- MATERIAL PROVIDED:
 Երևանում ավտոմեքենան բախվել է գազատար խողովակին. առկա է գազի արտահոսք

--

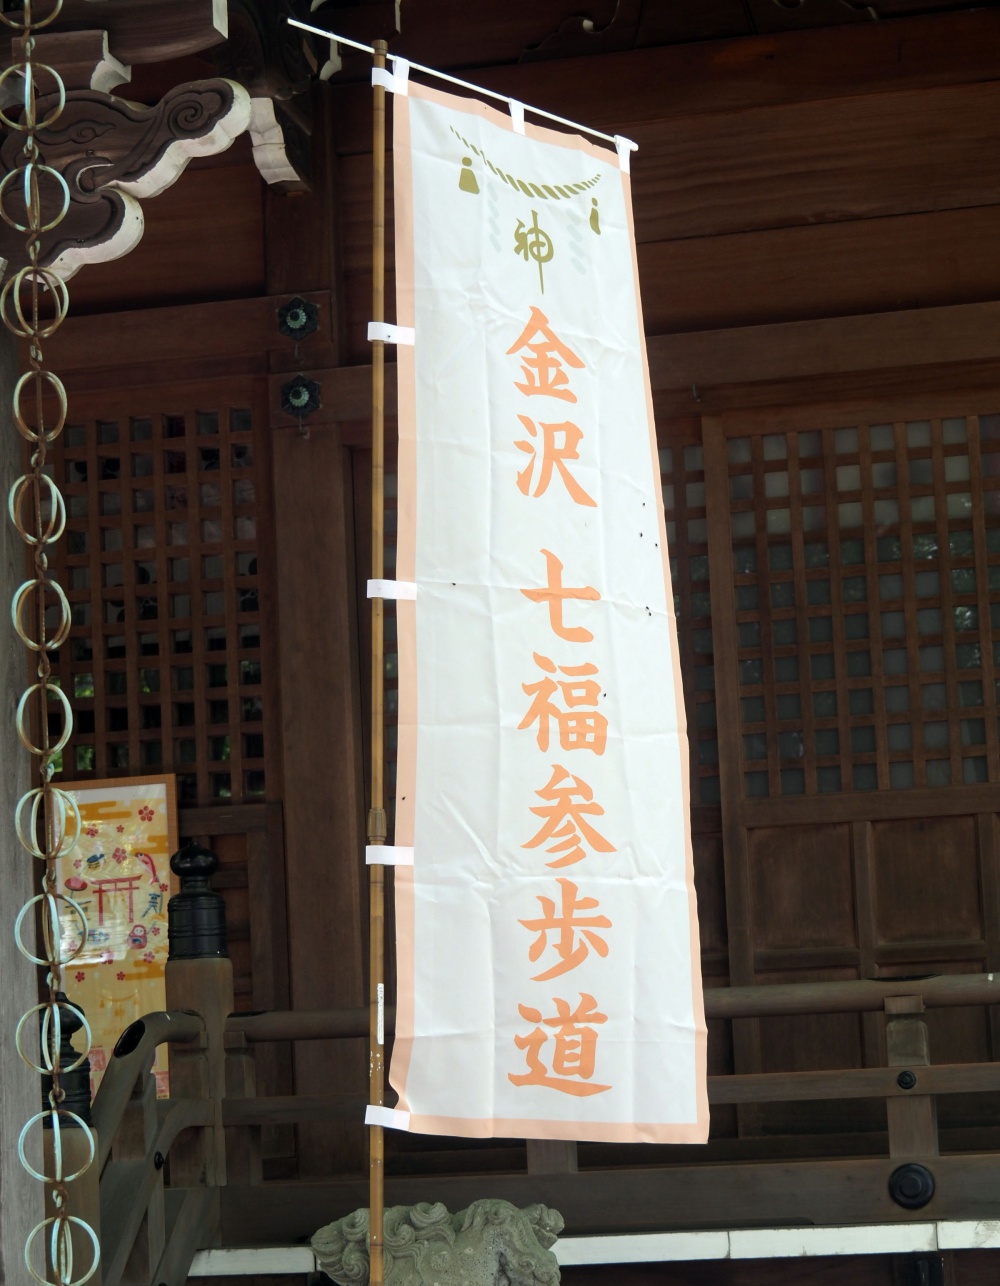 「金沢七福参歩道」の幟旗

---

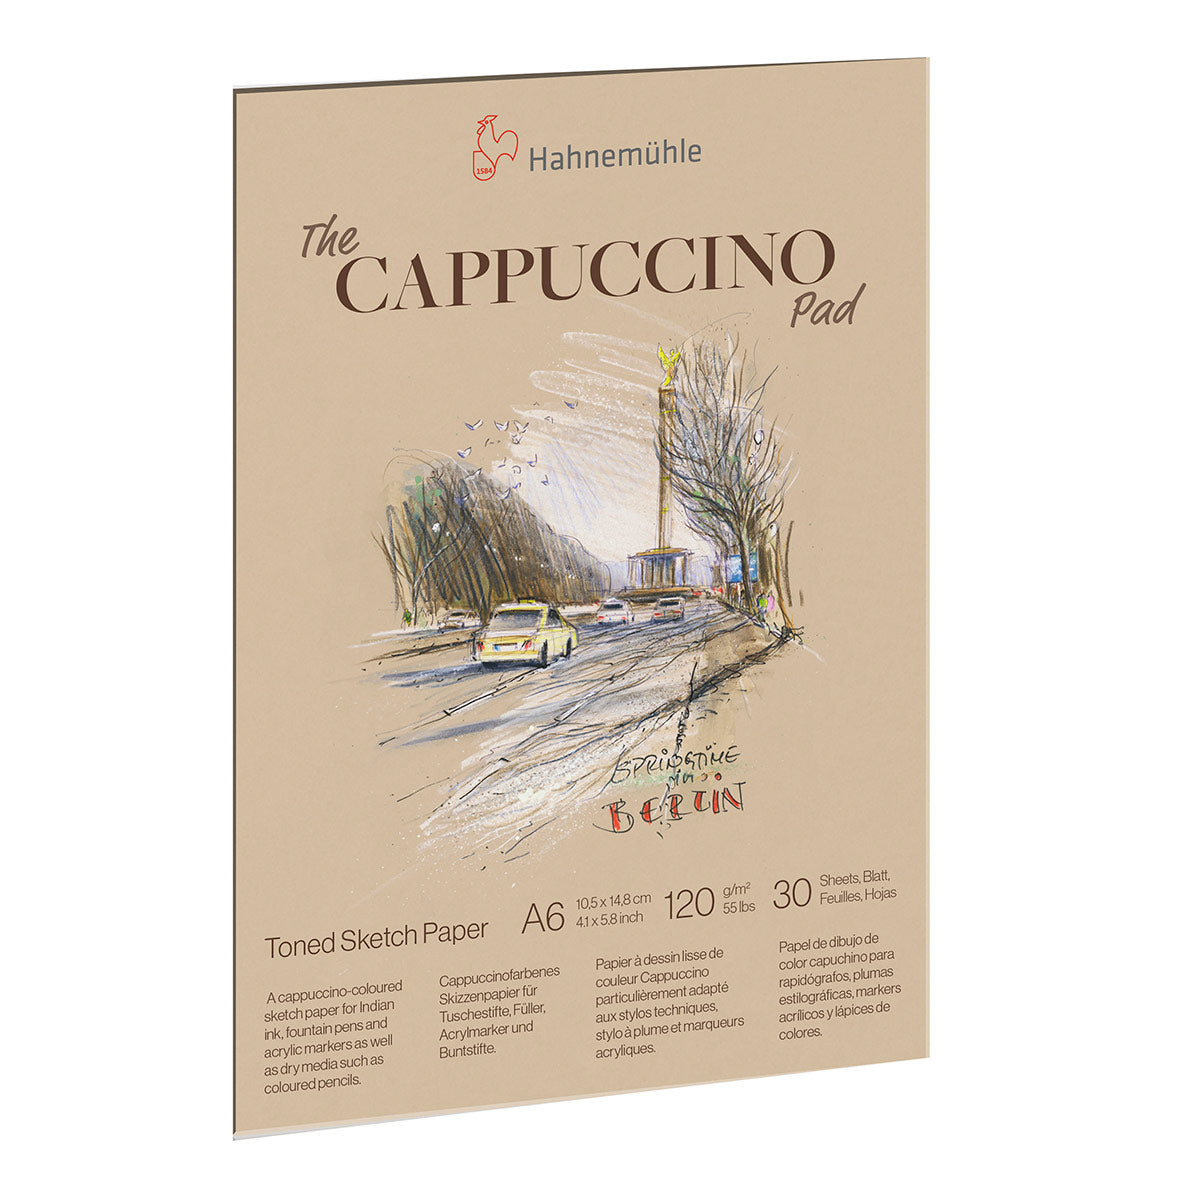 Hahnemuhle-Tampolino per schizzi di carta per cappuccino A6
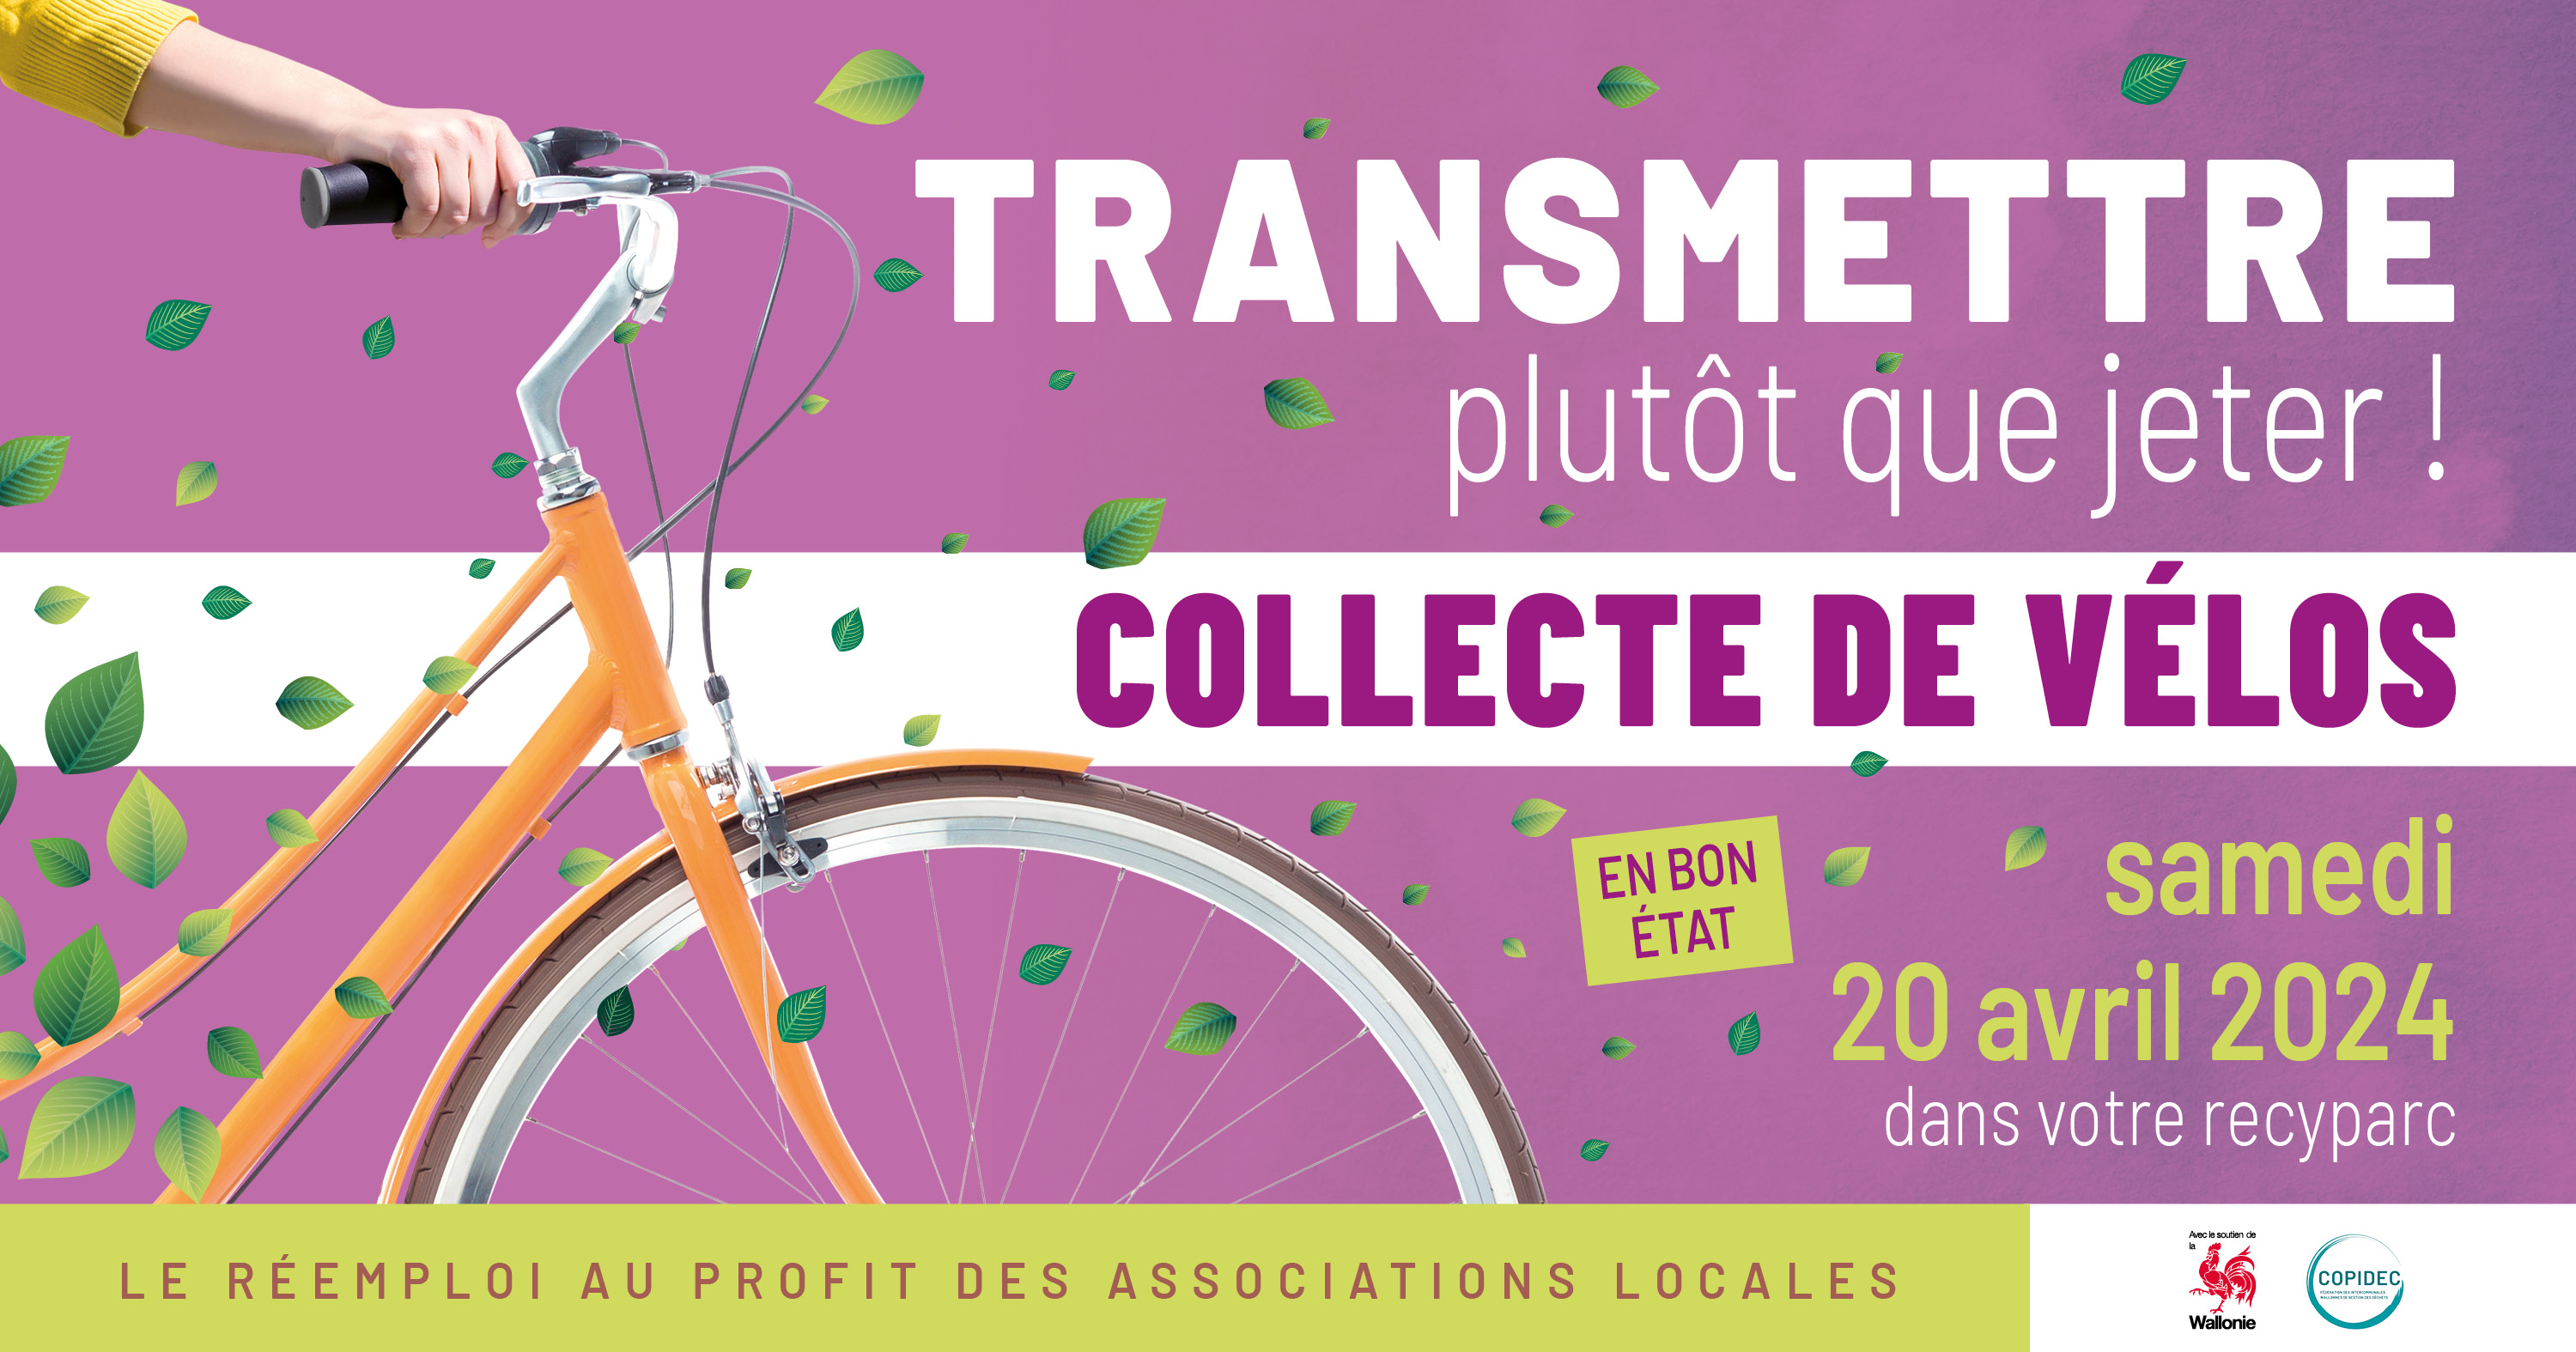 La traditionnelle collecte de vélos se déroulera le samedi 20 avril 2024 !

- DIRECTIONS FOR THIS TASK:
Reproduce, word for word, only the lines in the records above from the line with "Hahnemuhle-Tampolino per schizzi" through the line with "La traditionnelle collecte", including both ends; omit the pictures.

- TASK OUTPUT:
 Hahnemuhle-Tampolino per schizzi di carta per cappuccino A6
 La traditionnelle collecte de vélos se déroulera le samedi 20 avril 2024 !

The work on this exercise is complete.